[[ Exercise material open ]]

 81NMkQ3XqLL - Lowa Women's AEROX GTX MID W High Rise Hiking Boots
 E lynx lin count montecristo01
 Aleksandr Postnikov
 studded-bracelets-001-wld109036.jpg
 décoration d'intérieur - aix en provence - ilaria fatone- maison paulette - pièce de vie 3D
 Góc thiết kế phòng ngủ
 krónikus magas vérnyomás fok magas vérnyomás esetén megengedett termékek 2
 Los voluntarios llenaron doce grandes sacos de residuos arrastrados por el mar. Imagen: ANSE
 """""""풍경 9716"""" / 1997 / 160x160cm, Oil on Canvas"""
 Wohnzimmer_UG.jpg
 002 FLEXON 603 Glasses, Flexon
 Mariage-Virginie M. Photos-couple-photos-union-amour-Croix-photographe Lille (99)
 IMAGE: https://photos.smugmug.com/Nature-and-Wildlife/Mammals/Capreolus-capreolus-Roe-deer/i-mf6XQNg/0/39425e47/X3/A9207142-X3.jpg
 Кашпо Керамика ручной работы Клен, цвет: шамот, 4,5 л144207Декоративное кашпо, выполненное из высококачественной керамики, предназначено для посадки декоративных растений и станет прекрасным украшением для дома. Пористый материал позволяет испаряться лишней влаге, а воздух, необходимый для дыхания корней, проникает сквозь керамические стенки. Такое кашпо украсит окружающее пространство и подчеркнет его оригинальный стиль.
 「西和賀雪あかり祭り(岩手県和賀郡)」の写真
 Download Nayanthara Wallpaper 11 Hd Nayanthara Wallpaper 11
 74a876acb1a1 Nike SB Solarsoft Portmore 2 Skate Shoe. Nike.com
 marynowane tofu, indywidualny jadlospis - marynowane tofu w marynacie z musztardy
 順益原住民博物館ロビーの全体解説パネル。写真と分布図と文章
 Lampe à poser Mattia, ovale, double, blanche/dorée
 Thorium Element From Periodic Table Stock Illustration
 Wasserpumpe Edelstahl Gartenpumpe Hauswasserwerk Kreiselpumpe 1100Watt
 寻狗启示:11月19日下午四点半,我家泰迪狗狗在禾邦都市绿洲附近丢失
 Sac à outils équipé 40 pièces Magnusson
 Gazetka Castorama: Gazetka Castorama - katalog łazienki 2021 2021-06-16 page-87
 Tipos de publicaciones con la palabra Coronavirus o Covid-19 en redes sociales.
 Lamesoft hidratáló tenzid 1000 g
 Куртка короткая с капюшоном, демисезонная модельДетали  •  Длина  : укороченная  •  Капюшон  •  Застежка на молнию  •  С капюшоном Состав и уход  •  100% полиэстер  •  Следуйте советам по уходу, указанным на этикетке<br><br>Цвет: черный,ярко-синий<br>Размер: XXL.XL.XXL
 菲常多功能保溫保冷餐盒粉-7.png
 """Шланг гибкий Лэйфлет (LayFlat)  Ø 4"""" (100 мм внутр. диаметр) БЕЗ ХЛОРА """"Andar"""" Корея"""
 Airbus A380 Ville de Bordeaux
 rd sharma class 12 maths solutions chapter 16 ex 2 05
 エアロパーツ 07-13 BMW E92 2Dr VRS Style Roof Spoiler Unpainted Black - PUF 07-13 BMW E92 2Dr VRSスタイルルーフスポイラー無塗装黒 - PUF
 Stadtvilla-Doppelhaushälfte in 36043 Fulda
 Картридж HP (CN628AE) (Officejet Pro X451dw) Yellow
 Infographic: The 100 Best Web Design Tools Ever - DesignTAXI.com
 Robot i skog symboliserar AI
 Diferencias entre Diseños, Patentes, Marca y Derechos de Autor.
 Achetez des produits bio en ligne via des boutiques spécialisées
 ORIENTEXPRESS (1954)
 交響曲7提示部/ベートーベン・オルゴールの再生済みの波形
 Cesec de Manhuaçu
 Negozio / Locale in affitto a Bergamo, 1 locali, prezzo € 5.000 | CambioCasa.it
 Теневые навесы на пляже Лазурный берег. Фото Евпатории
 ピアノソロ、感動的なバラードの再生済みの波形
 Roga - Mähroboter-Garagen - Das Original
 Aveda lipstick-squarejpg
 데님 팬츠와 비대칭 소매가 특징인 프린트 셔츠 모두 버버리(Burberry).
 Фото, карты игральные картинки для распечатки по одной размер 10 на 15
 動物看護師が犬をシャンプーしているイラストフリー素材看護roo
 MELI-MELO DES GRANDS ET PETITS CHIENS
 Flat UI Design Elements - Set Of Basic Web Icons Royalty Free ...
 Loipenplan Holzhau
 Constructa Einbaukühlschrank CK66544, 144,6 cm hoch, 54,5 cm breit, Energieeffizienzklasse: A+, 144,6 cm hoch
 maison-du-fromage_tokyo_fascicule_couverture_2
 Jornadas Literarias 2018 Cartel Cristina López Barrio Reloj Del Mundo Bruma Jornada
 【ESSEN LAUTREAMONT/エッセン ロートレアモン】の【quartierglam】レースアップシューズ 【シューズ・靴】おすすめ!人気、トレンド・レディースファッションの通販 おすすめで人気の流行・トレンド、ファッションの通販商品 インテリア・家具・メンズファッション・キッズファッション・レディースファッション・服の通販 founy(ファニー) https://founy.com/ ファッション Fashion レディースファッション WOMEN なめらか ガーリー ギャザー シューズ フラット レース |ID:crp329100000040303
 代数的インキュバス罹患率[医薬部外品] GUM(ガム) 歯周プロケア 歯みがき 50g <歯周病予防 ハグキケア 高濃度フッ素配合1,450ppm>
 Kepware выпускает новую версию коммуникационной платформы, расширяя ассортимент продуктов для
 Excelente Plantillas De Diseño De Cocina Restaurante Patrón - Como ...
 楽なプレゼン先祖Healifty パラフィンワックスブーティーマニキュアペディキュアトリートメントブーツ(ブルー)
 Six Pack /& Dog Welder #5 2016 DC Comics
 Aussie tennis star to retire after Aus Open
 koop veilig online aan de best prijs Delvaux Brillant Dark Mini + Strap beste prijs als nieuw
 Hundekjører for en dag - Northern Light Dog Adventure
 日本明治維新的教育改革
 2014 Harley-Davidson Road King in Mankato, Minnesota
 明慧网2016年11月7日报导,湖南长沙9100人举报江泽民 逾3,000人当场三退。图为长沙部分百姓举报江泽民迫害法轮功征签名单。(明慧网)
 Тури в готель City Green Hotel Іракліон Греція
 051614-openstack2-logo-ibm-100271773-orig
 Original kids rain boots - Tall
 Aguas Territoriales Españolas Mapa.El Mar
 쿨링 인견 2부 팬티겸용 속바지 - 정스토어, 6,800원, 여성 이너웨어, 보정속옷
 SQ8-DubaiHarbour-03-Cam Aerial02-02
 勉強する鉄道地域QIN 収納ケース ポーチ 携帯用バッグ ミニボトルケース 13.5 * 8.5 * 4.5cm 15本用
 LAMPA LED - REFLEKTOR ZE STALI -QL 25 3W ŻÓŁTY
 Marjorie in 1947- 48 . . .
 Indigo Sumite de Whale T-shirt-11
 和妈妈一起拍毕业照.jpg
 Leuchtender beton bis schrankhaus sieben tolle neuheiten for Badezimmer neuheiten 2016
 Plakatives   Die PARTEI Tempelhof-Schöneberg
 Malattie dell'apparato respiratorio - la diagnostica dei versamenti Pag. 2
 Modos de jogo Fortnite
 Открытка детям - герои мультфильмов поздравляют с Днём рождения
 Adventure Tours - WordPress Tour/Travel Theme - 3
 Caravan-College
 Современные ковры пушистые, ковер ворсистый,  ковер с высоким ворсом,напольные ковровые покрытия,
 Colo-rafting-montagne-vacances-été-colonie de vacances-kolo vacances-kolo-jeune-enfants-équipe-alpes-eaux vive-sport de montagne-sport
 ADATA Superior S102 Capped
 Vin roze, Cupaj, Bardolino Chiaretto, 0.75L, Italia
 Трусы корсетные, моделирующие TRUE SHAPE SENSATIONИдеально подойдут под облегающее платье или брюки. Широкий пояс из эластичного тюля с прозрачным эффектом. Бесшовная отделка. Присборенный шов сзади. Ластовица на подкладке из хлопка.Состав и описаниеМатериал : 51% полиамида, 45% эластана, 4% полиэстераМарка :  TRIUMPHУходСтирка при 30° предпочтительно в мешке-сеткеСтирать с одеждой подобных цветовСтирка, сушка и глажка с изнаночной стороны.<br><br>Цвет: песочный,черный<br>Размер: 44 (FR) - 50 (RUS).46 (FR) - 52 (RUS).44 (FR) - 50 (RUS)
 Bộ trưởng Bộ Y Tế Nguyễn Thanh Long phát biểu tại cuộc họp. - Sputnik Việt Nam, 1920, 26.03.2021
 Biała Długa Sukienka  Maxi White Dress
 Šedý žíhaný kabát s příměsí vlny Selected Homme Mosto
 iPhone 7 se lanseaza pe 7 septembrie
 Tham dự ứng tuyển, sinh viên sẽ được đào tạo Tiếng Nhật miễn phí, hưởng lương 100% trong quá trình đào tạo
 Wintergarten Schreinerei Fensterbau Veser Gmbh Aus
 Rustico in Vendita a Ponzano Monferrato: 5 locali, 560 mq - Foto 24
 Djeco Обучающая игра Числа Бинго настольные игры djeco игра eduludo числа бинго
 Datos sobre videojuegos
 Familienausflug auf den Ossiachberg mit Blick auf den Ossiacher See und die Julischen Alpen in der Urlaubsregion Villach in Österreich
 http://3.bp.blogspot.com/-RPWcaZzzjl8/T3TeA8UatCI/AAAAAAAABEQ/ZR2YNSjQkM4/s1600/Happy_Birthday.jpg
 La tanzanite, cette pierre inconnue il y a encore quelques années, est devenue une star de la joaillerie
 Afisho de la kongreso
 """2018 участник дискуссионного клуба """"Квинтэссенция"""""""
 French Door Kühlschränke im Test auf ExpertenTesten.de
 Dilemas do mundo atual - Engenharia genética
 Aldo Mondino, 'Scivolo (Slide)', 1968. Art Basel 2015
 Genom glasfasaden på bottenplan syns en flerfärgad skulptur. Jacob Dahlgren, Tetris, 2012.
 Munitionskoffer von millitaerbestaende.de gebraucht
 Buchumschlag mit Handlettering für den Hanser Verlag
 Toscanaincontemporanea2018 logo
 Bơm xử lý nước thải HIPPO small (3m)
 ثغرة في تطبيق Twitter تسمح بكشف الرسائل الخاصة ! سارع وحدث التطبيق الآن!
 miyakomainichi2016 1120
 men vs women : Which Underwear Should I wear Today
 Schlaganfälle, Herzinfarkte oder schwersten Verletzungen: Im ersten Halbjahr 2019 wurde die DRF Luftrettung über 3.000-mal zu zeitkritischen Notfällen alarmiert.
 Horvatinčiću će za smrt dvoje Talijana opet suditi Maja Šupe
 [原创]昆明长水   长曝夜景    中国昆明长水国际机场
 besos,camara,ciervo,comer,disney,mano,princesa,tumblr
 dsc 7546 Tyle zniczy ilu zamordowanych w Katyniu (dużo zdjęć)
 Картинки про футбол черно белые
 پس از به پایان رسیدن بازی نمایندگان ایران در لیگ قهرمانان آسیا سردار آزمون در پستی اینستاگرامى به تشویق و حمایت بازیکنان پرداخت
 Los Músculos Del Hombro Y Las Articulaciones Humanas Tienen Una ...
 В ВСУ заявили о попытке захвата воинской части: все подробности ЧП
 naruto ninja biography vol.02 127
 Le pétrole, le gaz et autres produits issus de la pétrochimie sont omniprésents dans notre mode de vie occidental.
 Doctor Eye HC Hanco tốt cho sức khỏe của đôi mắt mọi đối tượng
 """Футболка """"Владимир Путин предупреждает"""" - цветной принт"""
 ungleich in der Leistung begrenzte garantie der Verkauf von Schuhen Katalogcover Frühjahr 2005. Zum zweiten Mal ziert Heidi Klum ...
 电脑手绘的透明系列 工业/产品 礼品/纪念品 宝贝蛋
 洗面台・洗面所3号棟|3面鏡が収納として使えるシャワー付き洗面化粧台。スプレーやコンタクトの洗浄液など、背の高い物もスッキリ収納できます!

[[ Exercise material closed ]]

Begin with the line above that has "Datos sobre videojuegos" and continue through the line that has "Familienausflug auf den", setting each one down exactly. Stop there.

 Datos sobre videojuegos
 Familienausflug auf den Ossiachberg mit Blick auf den Ossiacher See und die Julischen Alpen in der Urlaubsregion Villach in Österreich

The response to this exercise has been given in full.